2007 In a Nutshell

by: Caleb Sevian

It’s the time of the year that analysts, pundits and plumbers weigh in to tell anyone who will listen what they think 2007 will hold for the markets. I am no exception to the rule and will devote today’s notes to reading my crystal ball.

Direction of the markets in 2007

For the first time since 2001, 12 out 12 of the largest investment banks on Wall Street have predicted that we will have an up year. Given their track record in 2001, it’s hard to feel comfortable about that, but let’s not forget there were extenuating circumstances in 2001 that no one could have predicted. I too forecast an up 2007, though I don’t think it will necessarily be as rosy as many others have forecasted.

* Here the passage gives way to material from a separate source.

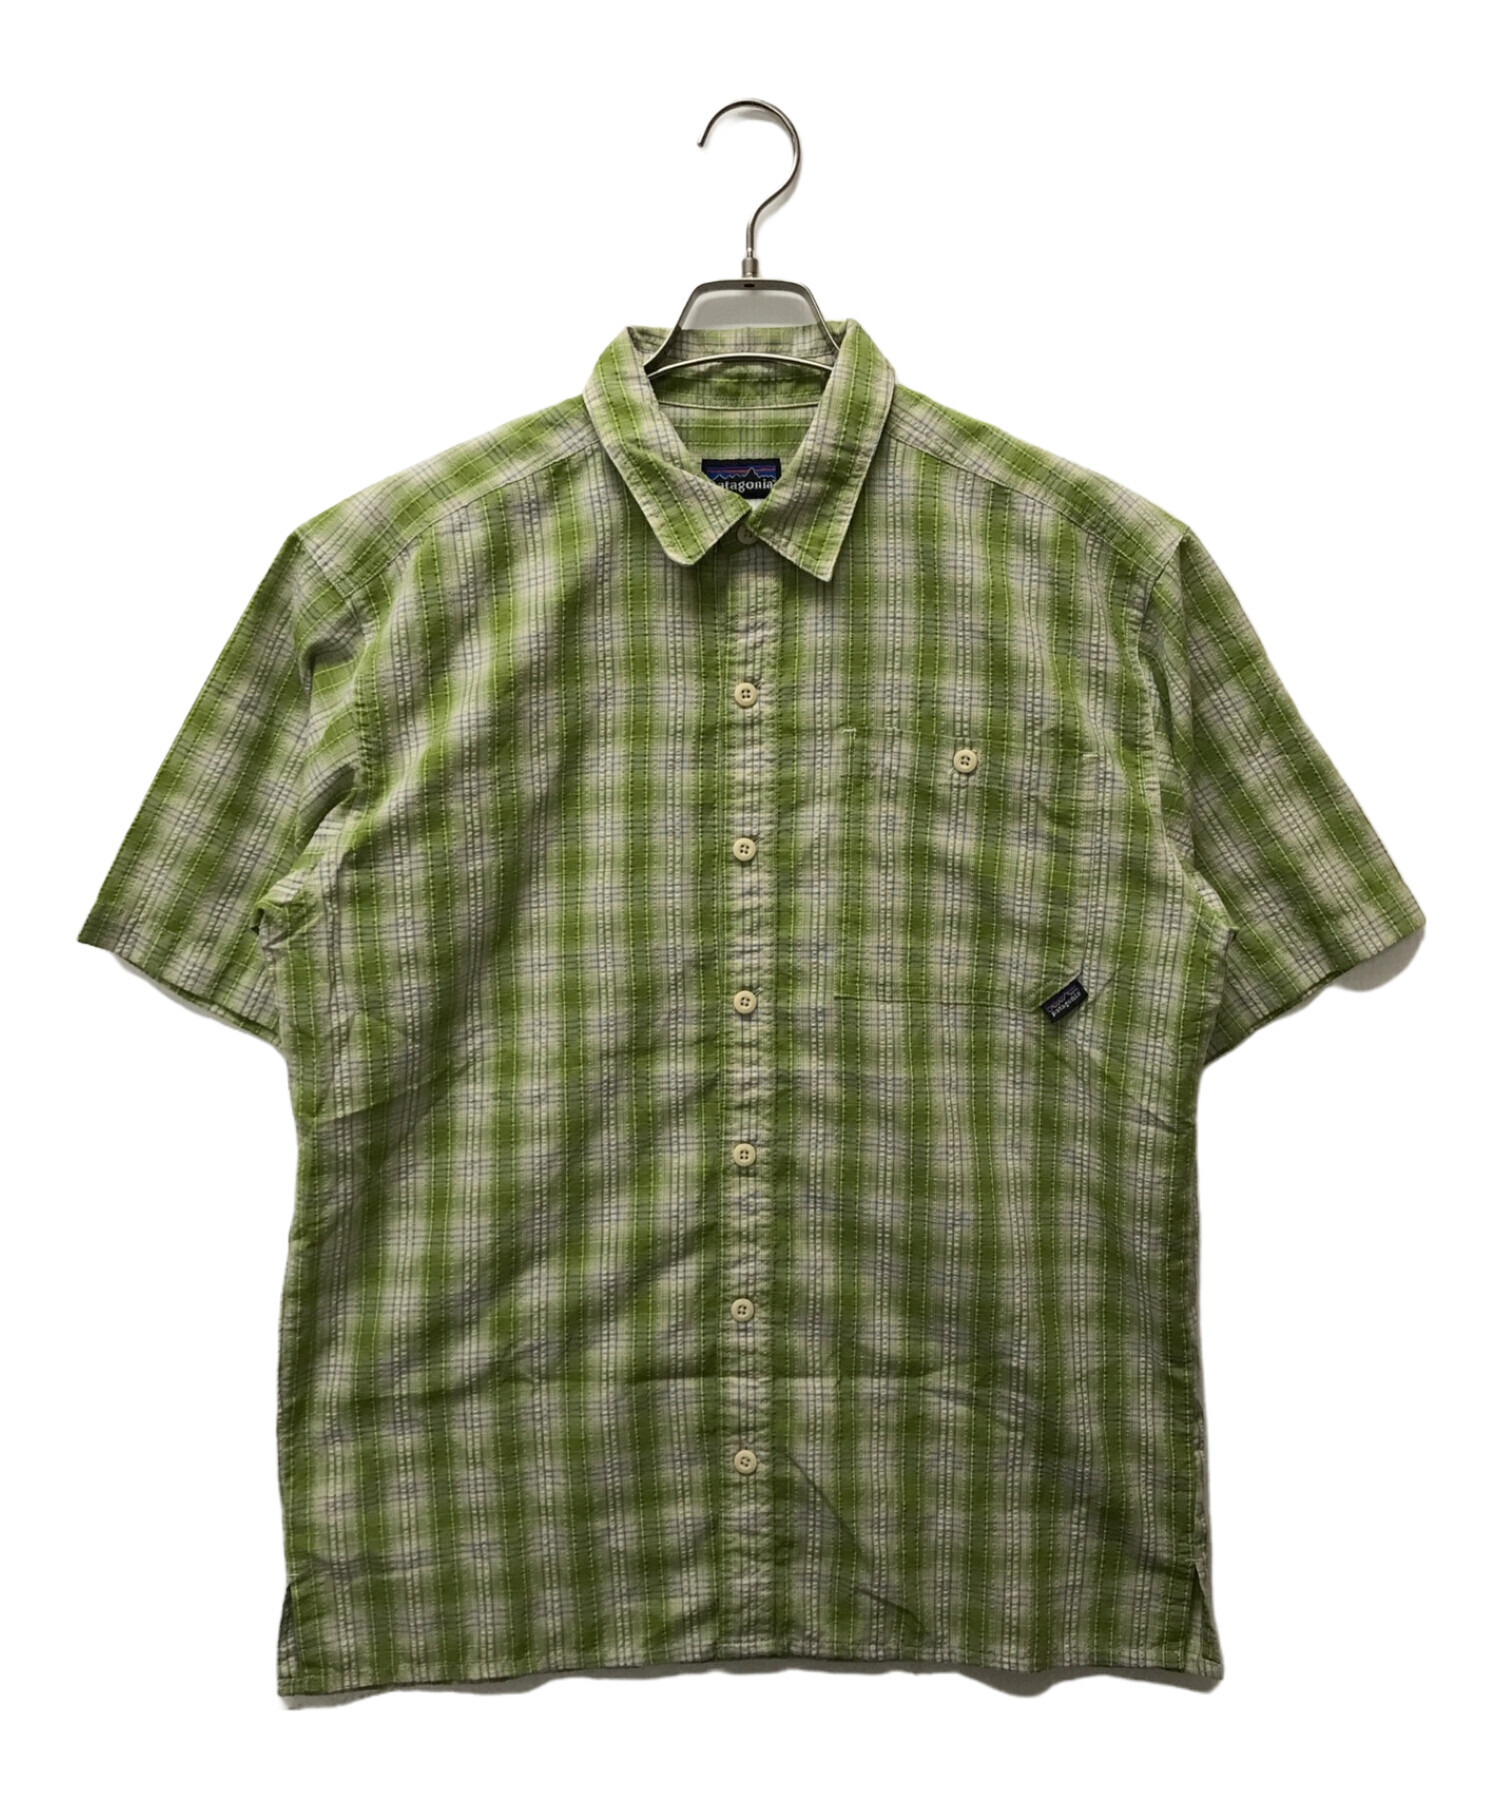 Patagonia (パタゴニア) パッカーウェアシャツ グリーン サイズ:SIZE S
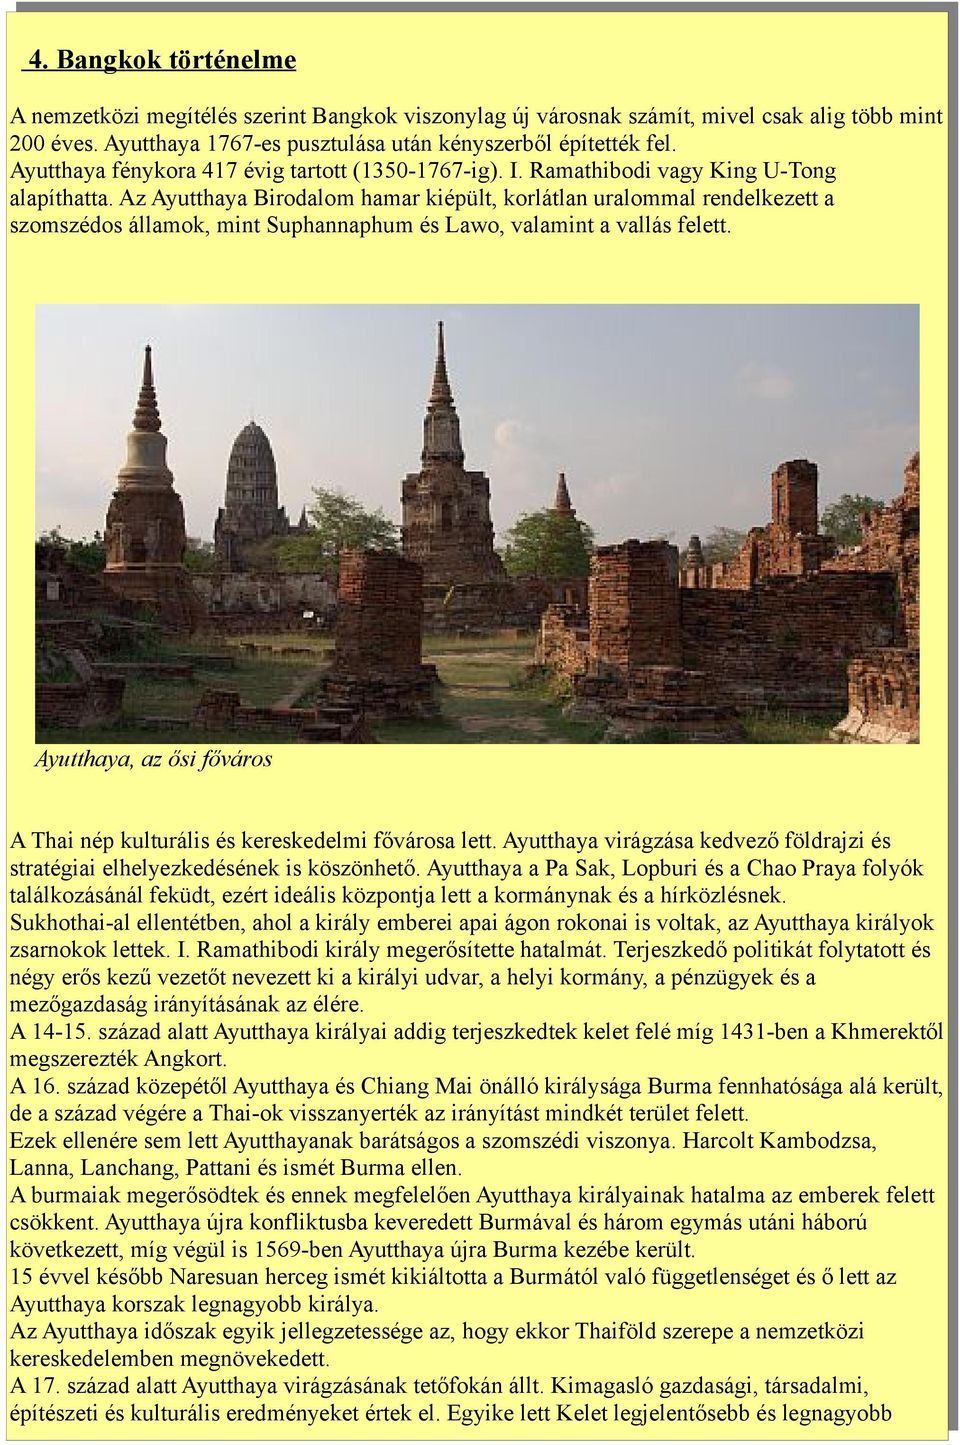 Az Ayutthaya Birodalom hamar kiépült, korlátlan uralommal rendelkezett a szomszédos államok, mint Suphannaphum és Lawo, valamint a vallás felett.

I expect the S&P500 to end the year up 4% to 6% from its close in 2006. I also expect Small Caps to again outperform Large Caps. This is a contrarian view, but I believe it is supported by the law of large numbers. The last time Large Caps out performed, Mega Caps didn’t really exist as a category. Today’s Large Caps are more accurately defined as Mega Caps, and to grow their numbers enough to justify substantially higher valuations our entire economy would have to be much hotter that it is today.

Interest rates and inflation

Interest rate and inflation fears will again dominate the headlines, leading to manic bouts of greed and fear causing choppy and trendless trading much of the year. Inflation will likely subside, led by surprisingly weak energy prices, but upward wage pressures and a strong service economy will keep the employment market tight and the Fed nervous. My view of the big surprise for 2007 is that interest rates will be left unchanged longer than the market anticipates. I don’t believe the Fed will move until end of Q3 or Q4 2007, and which way they move at the time is a coin flip, given the potential for earnings growth that still exists this year.

Economic growth

The stratification between the service and the manufacturing economy in the United States will continue to widen. The service economy will remain strong, while the manufacturing economy led by housing and autos will progress into a deeper and deeper recession. GDP will surprise on the upside, dimming hopes of rate cuts at the year progresses.


Housing will finally stabilize due to persistently low interest rates which still make owning a house a better alternative than renting. Those who called for an all out crash will scratch their heads a lot and wonder why pessimists usually don’t make money in the markets. The bad news is that growth and write-offs of the big builders will continue to offer up plenty of disheartening news through out the year.


The dollar will continue to weaken against the Euro, but at a pace that will not cause catastrophic consequences to anyone in the economy, other than those planning a holiday to Europe.


Here’s the wildcard. Just as in 2001, when all the analysts predicted up, the big risk to a down year lies in the risk of global turmoil, especially in the form of terrorism. The government in the United States has done an exceptional job of warding off would be terrorists, but with growing unrest in Iraq, Iran and Africa the probability of the unpopular policies of our government bringing adverse actions to our soil seems to be increasing.

There you have it, 2007 in a nutshell. Thank you to all my readers who made 2006 a great year. I look forward to keeping you entertained in 2007.